As I've said before, when we fall and aren't injured we congratulate ourselves on our superhuman reflexes and finely honed instincts. When we're injured we chalk it up to bad luck. Then when we retell stories of our misadventures we selectively choose those that confirm our biases.
Originally Posted by
jefnvk
My point is not that is not instinctual to catch yourself, it is that I doubt there is any sports trainer who would argue that catching yourself with an outstretched hand is a better idea than relaxing and letting your side absorb the impact. And we're talking about an event that you can literally go "oh crap I'm falling I'm falling", not something that happenes so fast you stand up twenty feet from the accident site going "WTF???". I'm not going to argue that there aren't situations one can't do the proper thing in, but in this threads case I'd never advocate trying to catch yourself.

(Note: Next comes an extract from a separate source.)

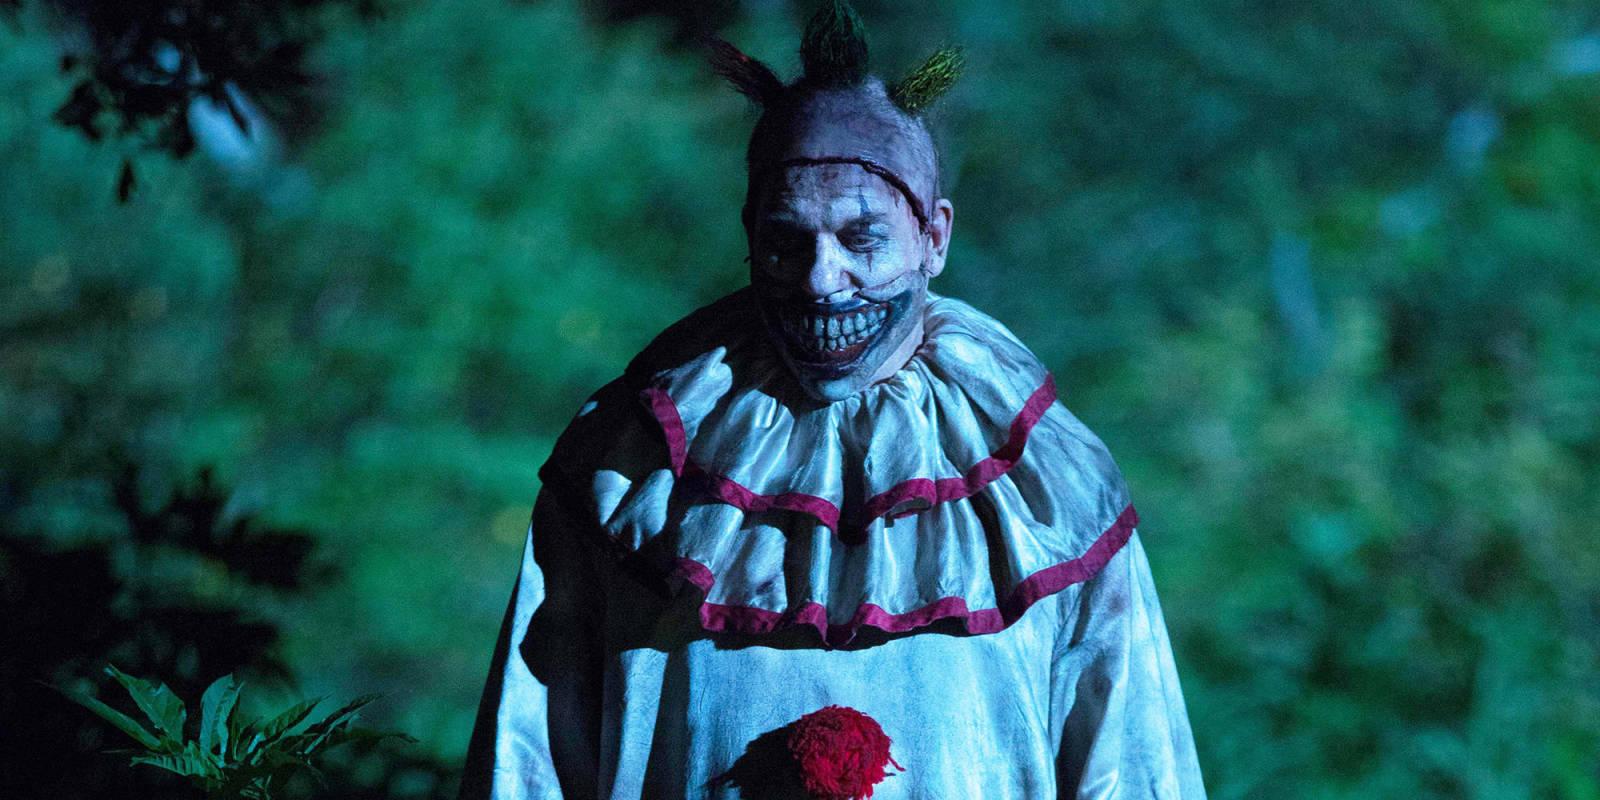 Q Amp A John Carroll Lynch On Playing The Twisty The Clown On

I have time to think "Oh crap I'm falling" when I'm standing still. However there is zero perceived time from the moment of "Oh crap I'm falling" and "How many bruises do I have and is the bike okay?" Just like there is zero perceived time between watching my cat look at a bug flying around his head and then my arm pulled fully away from me and leash dug into my wrist and him 6 feet away recovering from hitting the end of the leash. Or taking a bad step while walking and next thing I know I'm holding onto something supporting my weight and my ankle hurts. If all that relatively slow stuff skips conscious thought, a fall off a bike at speed is definitely not going to allow for planned action.